142857

Here's a puzzle:

• Multiply $142857$ by $2$ and you get $285714$ which has the same digits
• Multiply $142857$ by $3$ and you get $428571$ which has the same digits
• Multiply $142857$ by $4$ and you get $571428$ which has the same digits

 In fact you keep getting permutations of $142857$  till you get to a multiple of $7$ at which point you get $999999$.

 Why?

I can't remember now how I figured it out, but I do remember not being able to sleep, then having some sort of eureka moment and running downstairs in the middle of the night to scribble down the answer.

The solution involves some group theory, which I studied last century when I did my Maths degree at Bristol.  Periodically I have a little panic that I've forgotten everything I learned there, and I refresh my memory.  I think it must have been after one of these episodes that my subconscious linked it to this strange number that I probably first came across at school.  Anyway, the solution....

Consider the set

$$
G = {x \in \mathbb{N}^{+}: x \lt 1000000}
$$

i.e. integers strictly between 1 and 999999 inclusive.  Then define a group operator by

$$
ab = (a + b) mod 10^6 + \Big\lfloor\frac{a + b}{10^6}\Big\rfloor
$$

i.e. addition modulo 1 million but with an extra 1 added in if there is a carry.  It's easy to see that this is closed in G.  It is also easy to see it meets the 3 axioms that define a group

• $\forall a,b,c: (a b) c = a (b c)$
• $\exists I: \forall a, I a = a$ (in this case it's $999999$)
• $\forall a \exists a^{-1} : aa^{-1} = I$ (it's just $999999 - a$)
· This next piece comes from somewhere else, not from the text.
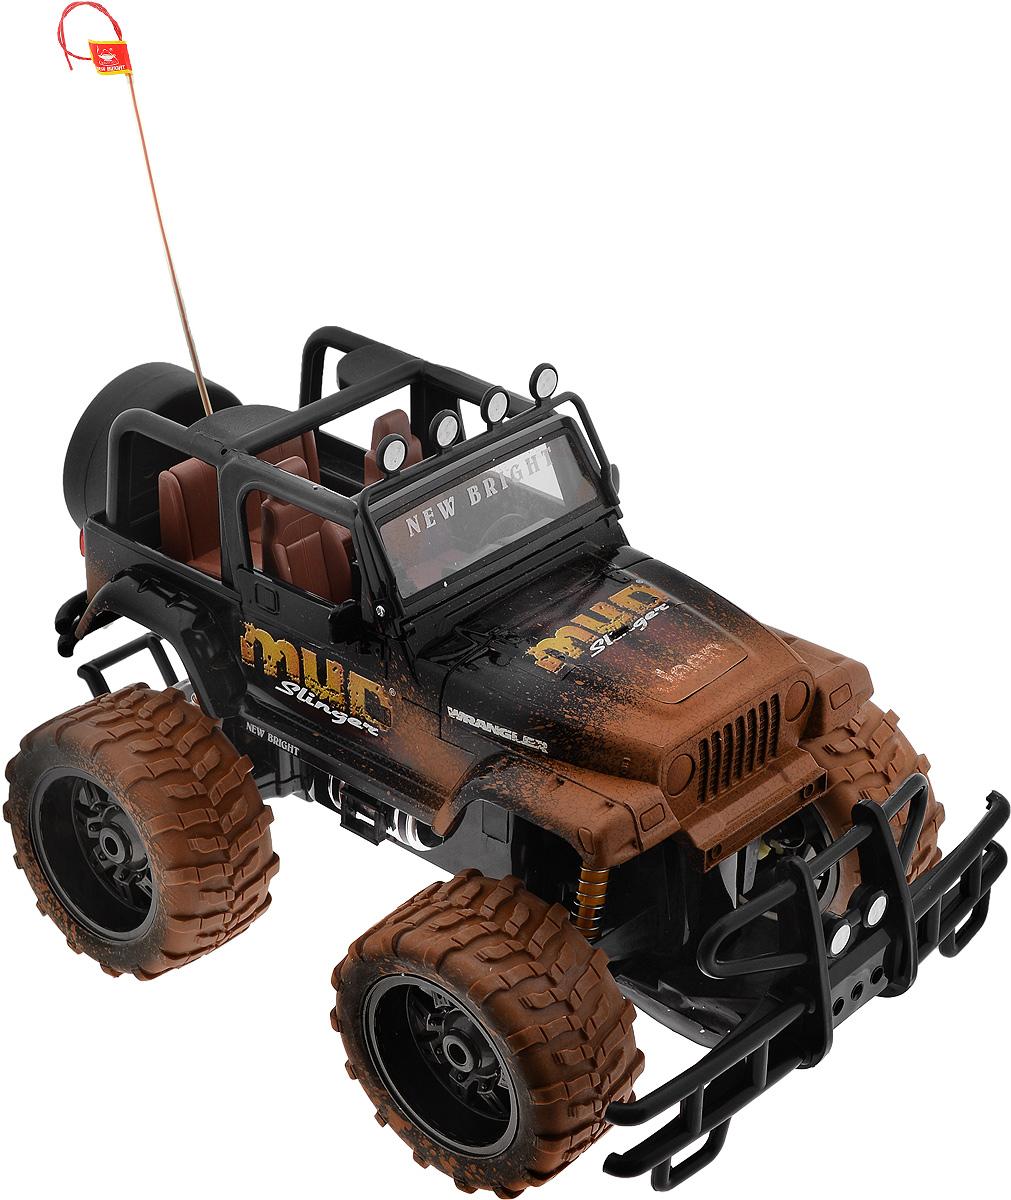 """Культовый американский автомобиль Jeep Wrangler привлечет внимание как ребенка, так и взрослого. Маневренная и реалистичная уменьшенная копия New Bright """"Jeep Wrangler"""" выполнена в точной детализации с настоящим автомобилем в масштабе 1:10. Управление машиной происходит с помощью пульта. Пульт управления работает на частоте 27 MHz. Jeep двигается вперед и назад, поворачивает направо и налево. Колеса игрушки прорезинены и обеспечивают плавный ход, машинка не портит напольное покрытие. Радиоуправляемые игрушки способствуют развитию координации движений, моторики и ловкости. Ваш ребенок часами будет играть с моделью, придумывая различные истории и устраивая соревнования. Порадуйте его таким замечательным подарком! Машина работает от сменного аккумулятора (входит в комплект). Зарядка осуществляется при помощи зарядного устройства (входит в комплект). Для работы пульта управления необходимы 2 батарейки типа АА (входят в комплект)."""

 Now the number of elements of $G$ is $999999$ and $7$ divides $999999$.  It turns out that if a prime $p$ divides the order of a group then there must be a subgroup $\{a^0,a^1,...,a^{p-1}\}$.

(I think the way you prove this is by induction on the order of $G$. I.e. pick a random element $x \in G$, let $H$ be the subgroup containing powers of $x$, if $x$ is not of order $p$ (or a multiple of $p$) then $G/H$ must have a $y$ in it of order $p$.)

Now since $142857$ times $7$ is $999999$ (the identity) then $142857$ must be of order 7 and so must be in the subgroup. w.l.o.g. we can set

$$
a = 142857

$$

So, are we any closer to answering the question: why are multiples of $142857$ all permutations?  Yes, we are!  If $x \in \{a^0,a^1,...,a^{p-1}\}$ then what does $x^{10}$ look like?  Well, going back to the definition of the group operator we can see that it involves multiplying the number by ten and adding the carry. I.e. taking to the power of 10 means rotating the digits by one.  So

$$
142857^{10} = 428571 \\
428571^{10} = 285714 \\
285714^{10} = 857142 \\
857142^{10} = 571428 \\
571428^{10} = 714285 \\
714285^{10} = 142857
$$

Each one of these 6 numbers  must be in $\{a^0,a^1,...,a^{p-1}\}$, but this is just

$$
\{999999, 142857, 142857 \times 2, ..., 14285 \times 6\}
$$

So all multiples of 142857 up to and including 6 must be in fact rotations of the digits.